_Required action_
Locate, in the data below, the line that contains "Strawberries (Fragaria x" and the line that contains "Presidente Castillo en"; reproduce exactly those two lines and every line between them, nothing more.

_Data in this exercise_
* * * * * * * * *

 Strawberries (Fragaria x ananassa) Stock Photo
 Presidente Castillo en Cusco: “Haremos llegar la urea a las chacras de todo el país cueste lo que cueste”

* * * * * * * * *

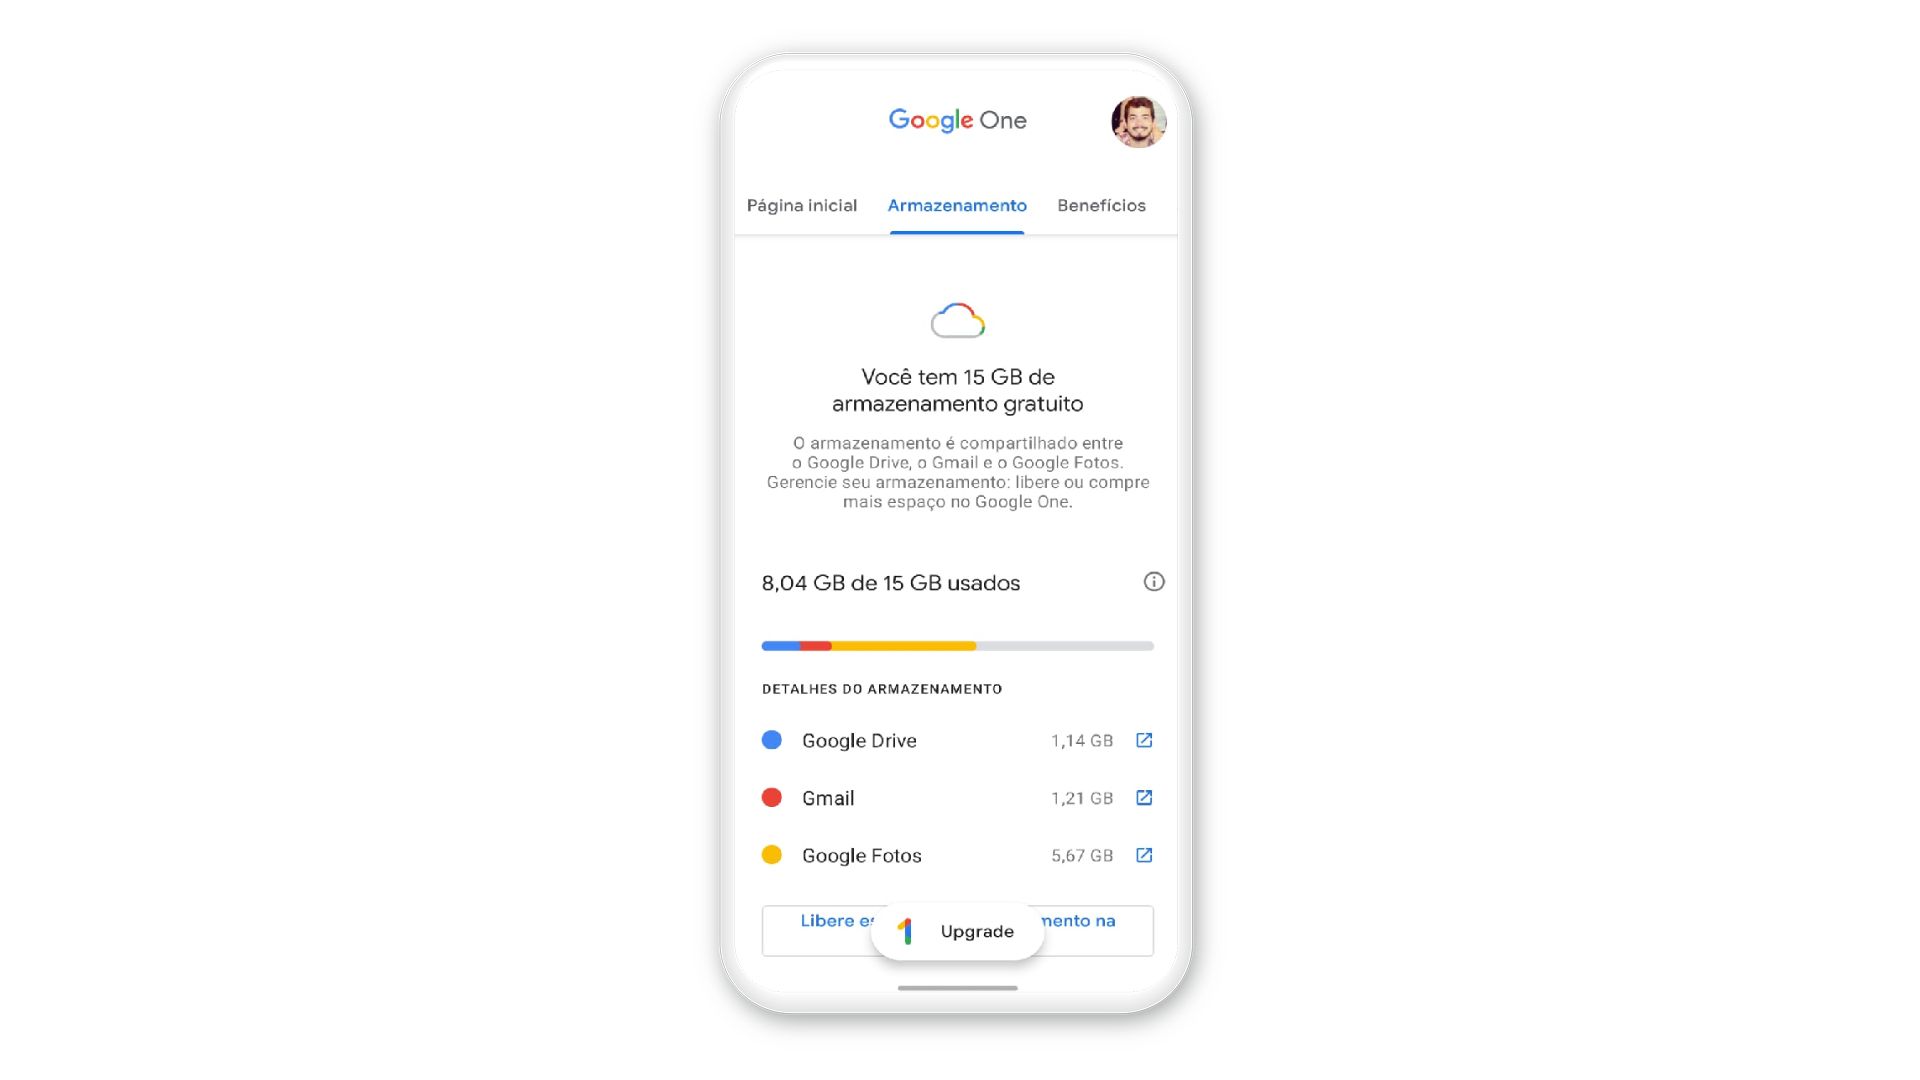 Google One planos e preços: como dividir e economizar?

* * * * * * * * *

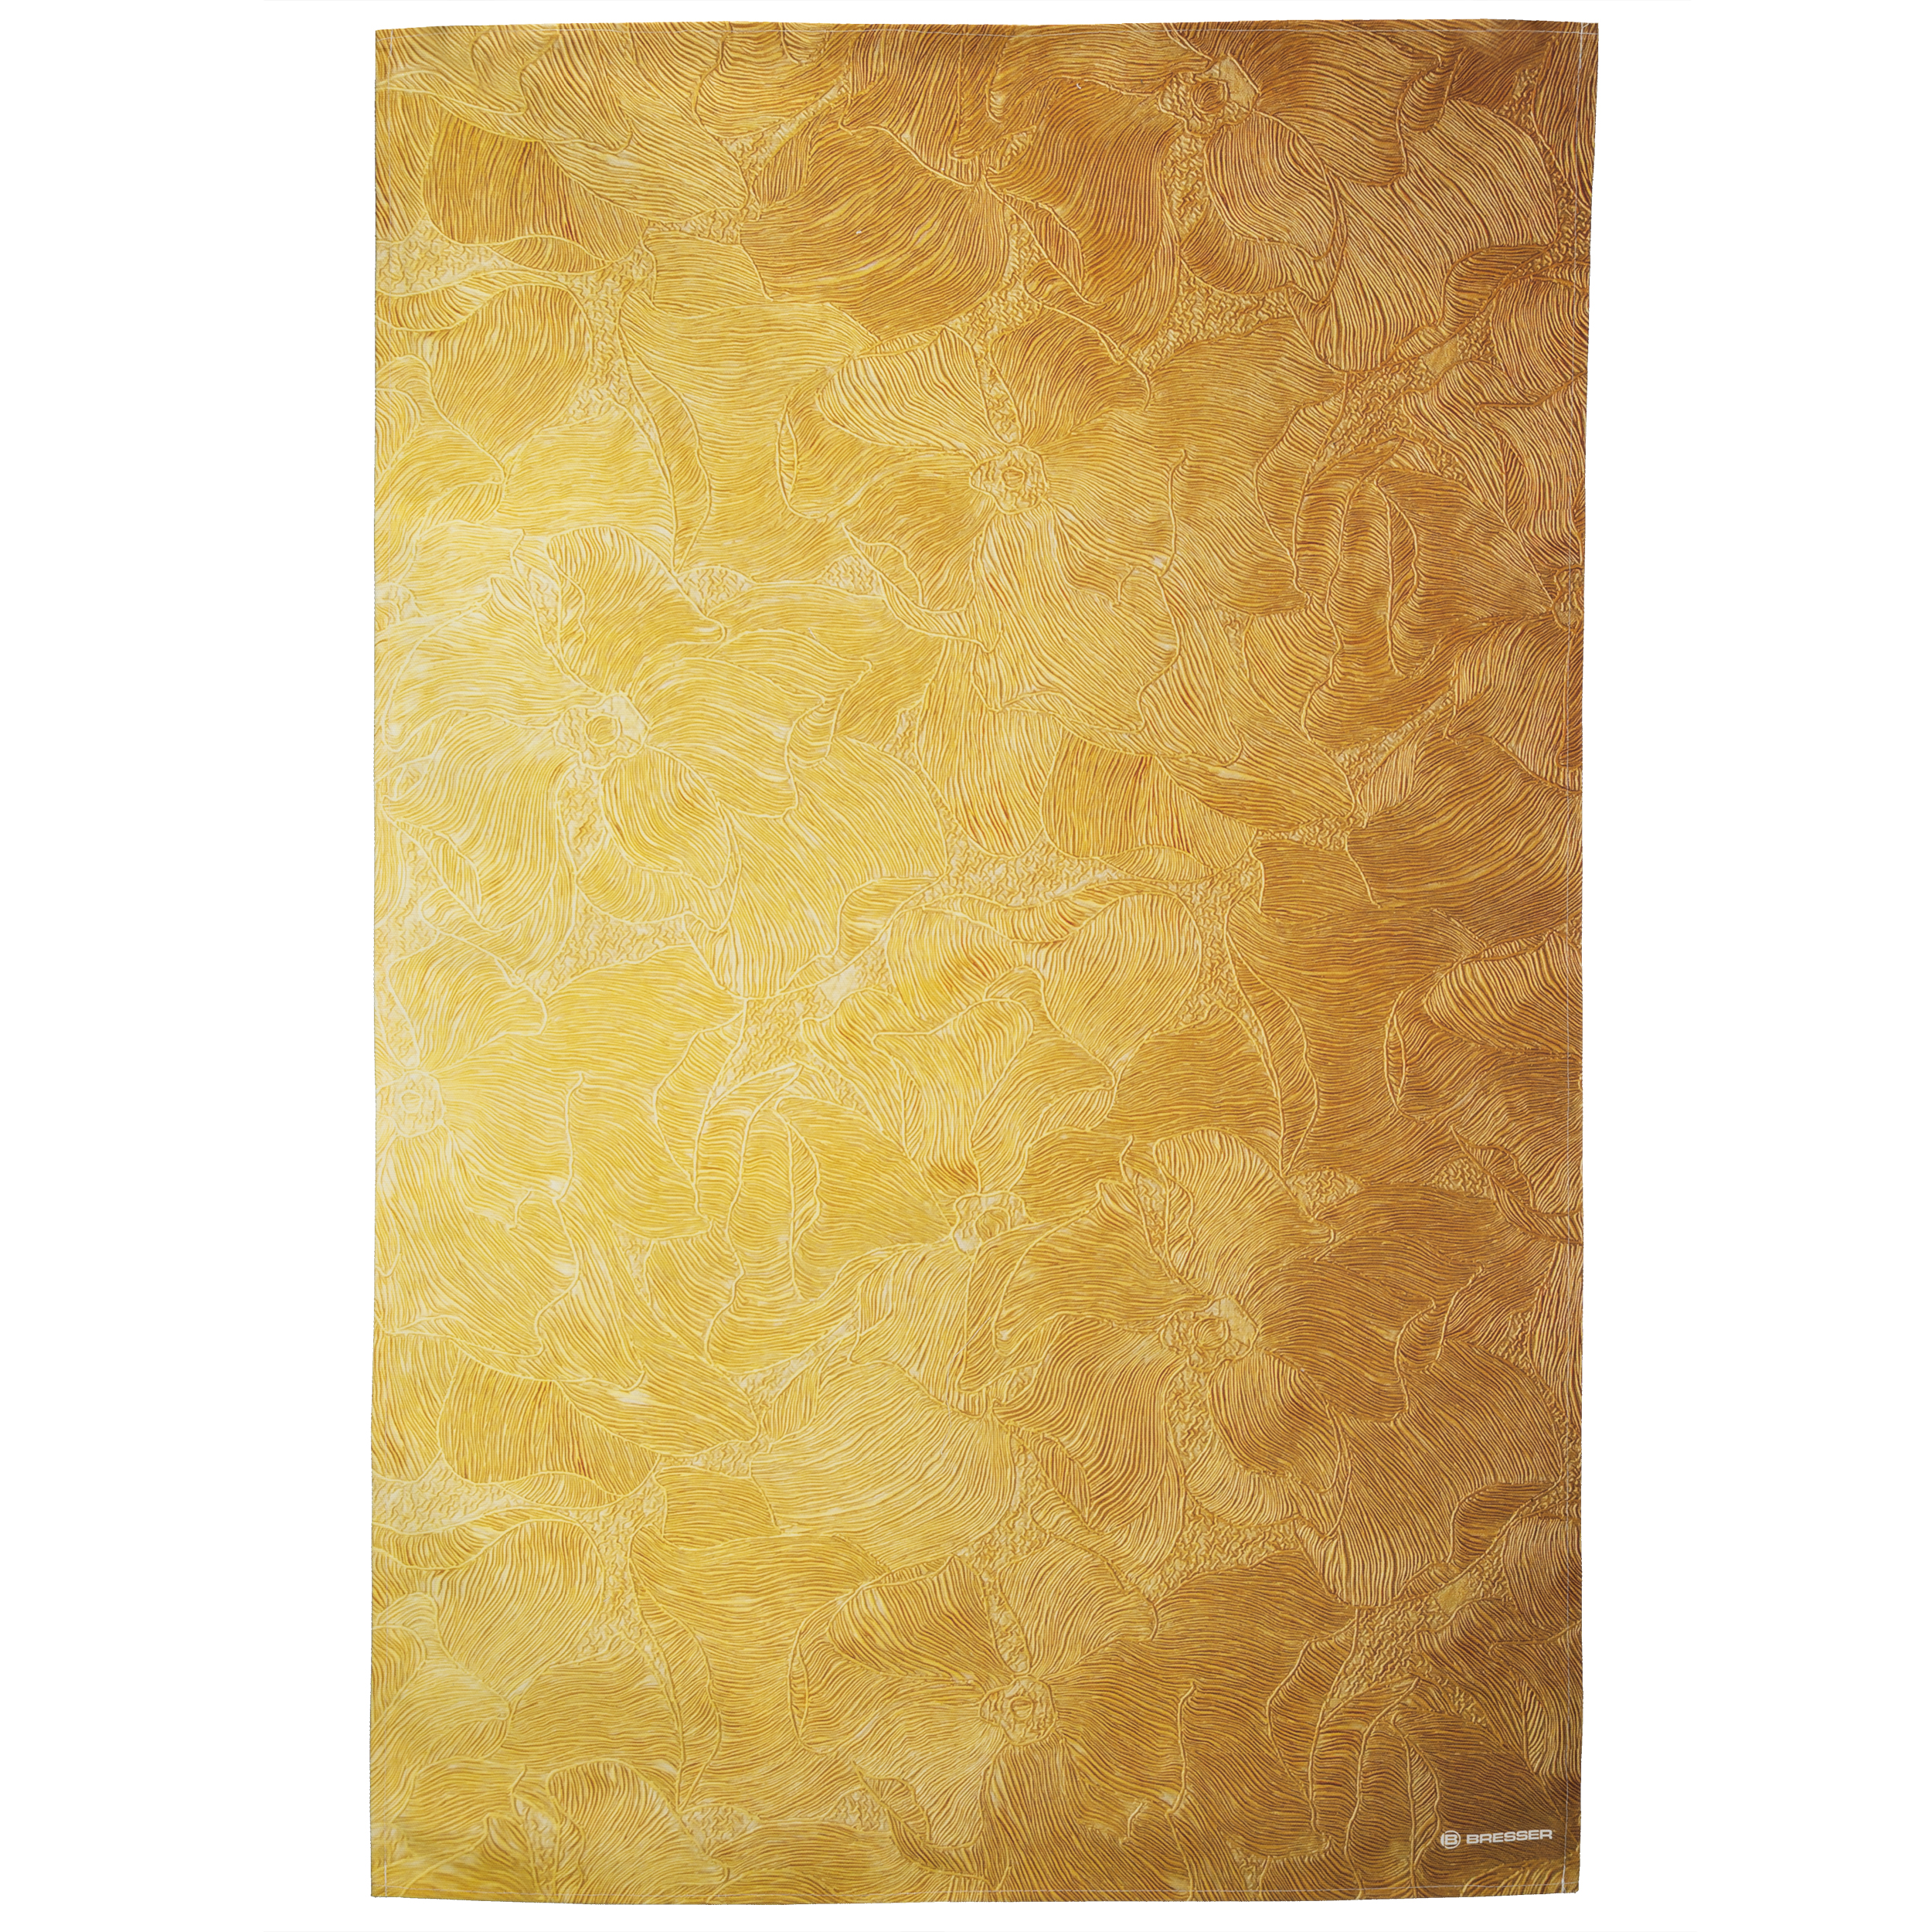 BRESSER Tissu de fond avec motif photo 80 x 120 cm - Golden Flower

* * * * * * * * *

_Answer to this exercise_
 Strawberries (Fragaria x ananassa) Stock Photo
 Presidente Castillo en Cusco: “Haremos llegar la urea a las chacras de todo el país cueste lo que cueste”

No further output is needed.